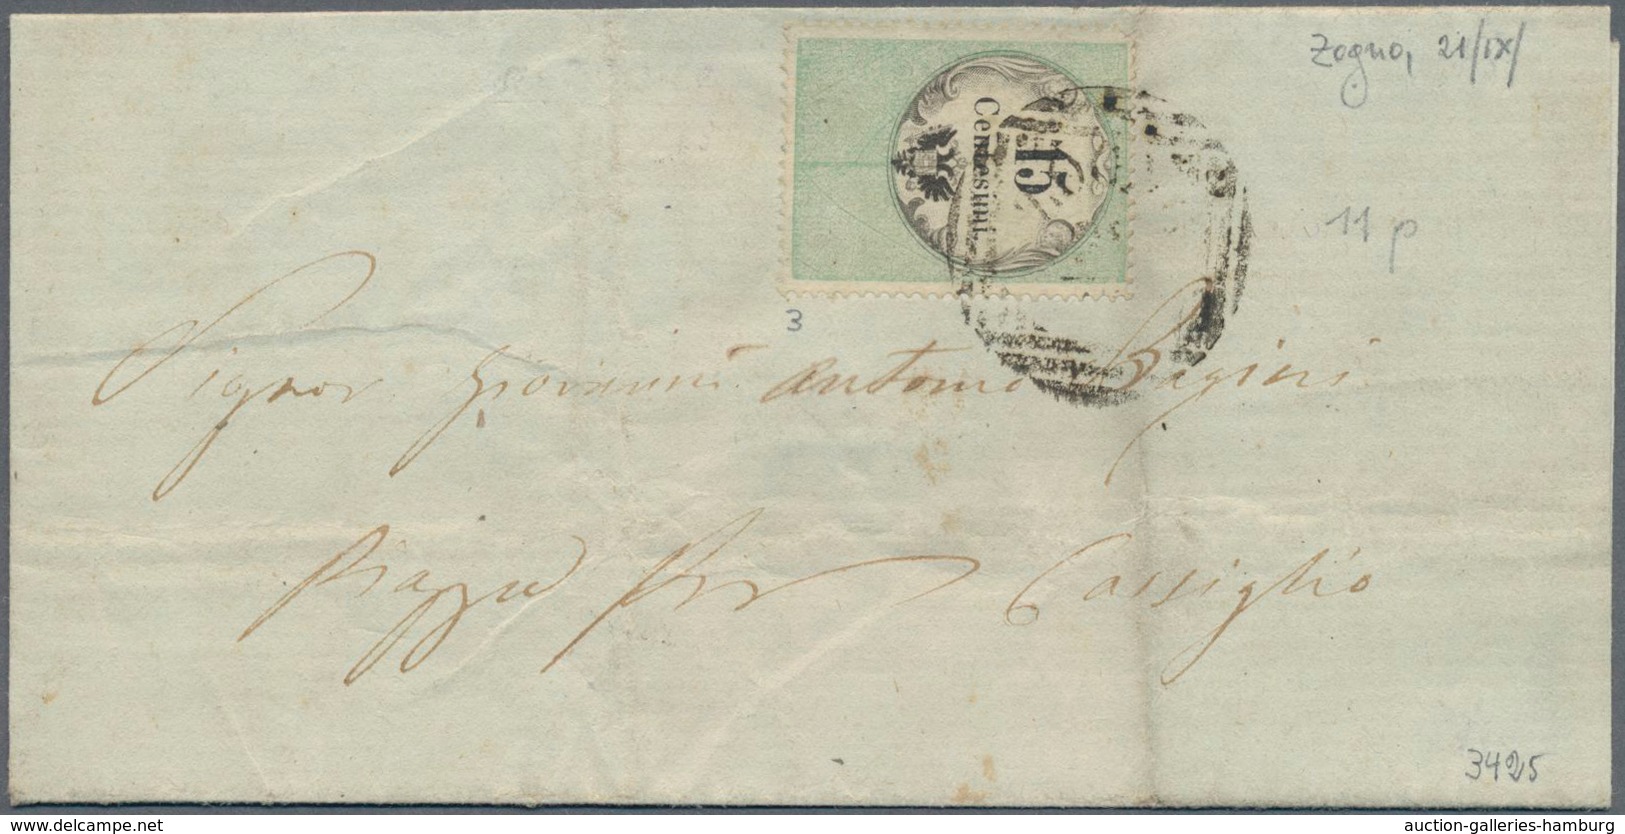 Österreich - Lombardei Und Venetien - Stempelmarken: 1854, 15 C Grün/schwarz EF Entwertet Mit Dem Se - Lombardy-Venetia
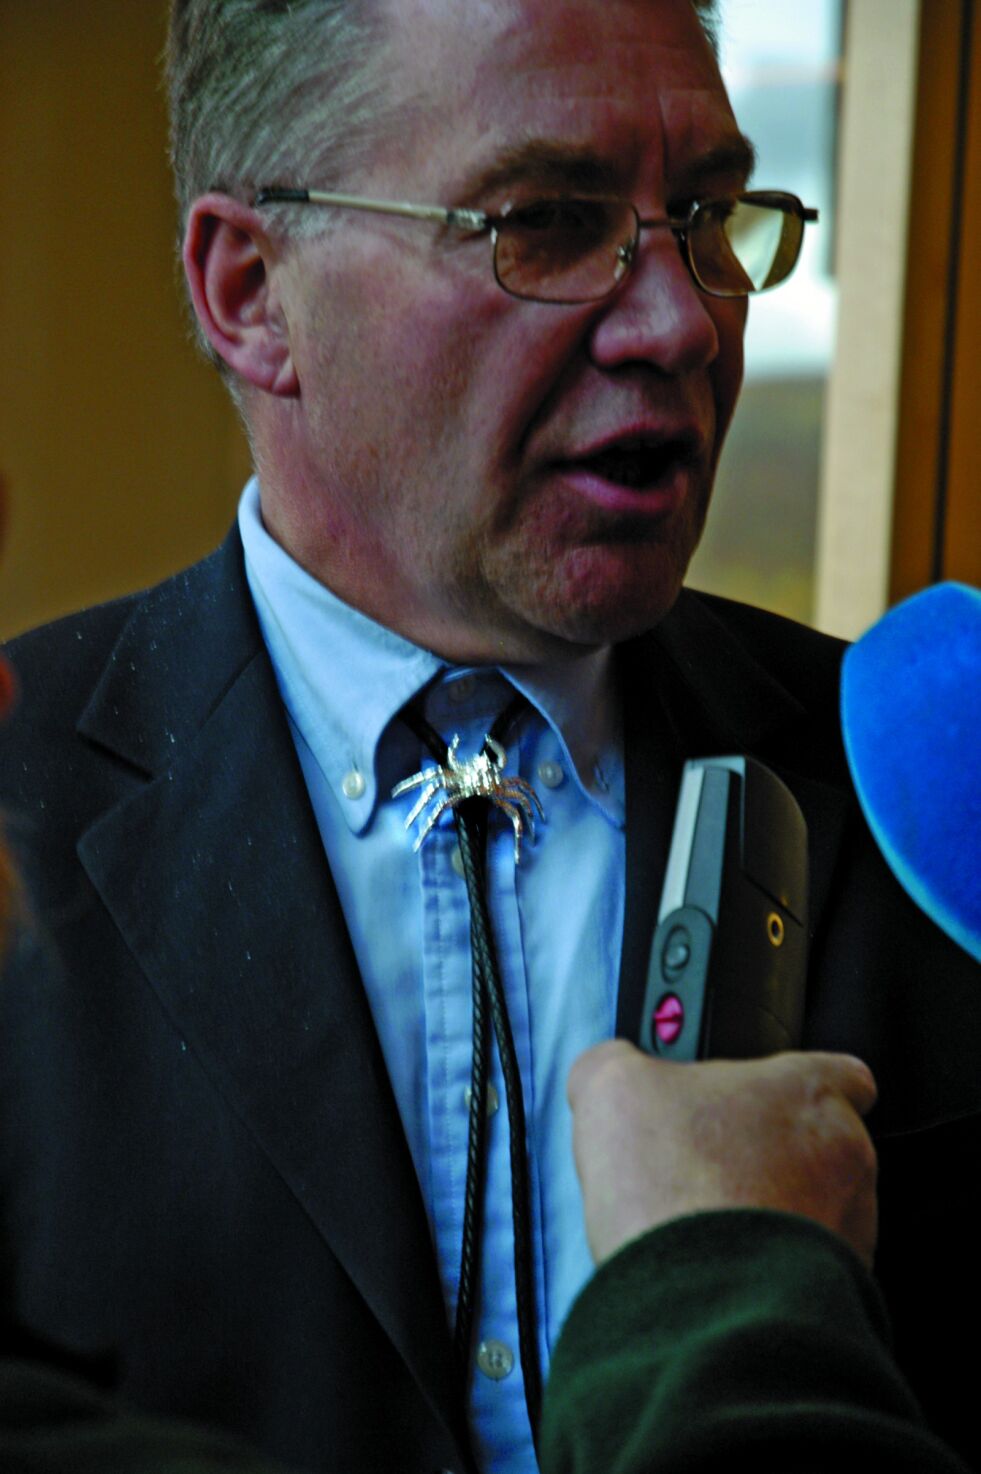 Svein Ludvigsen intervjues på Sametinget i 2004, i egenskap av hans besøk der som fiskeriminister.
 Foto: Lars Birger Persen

=====

_Try it_
Please copy the data above character for character, skipping any pictures.

_Solution to this problem_
 Österreich - Lombardei Und Venetien - Stempelmarken: 1854, 15 C Grün/schwarz EF Entwertet Mit Dem Se - Lombardy-Venetia
 Svein Ludvigsen intervjues på Sametinget i 2004, i egenskap av hans besøk der som fiskeriminister.
 Foto: Lars Birger Persen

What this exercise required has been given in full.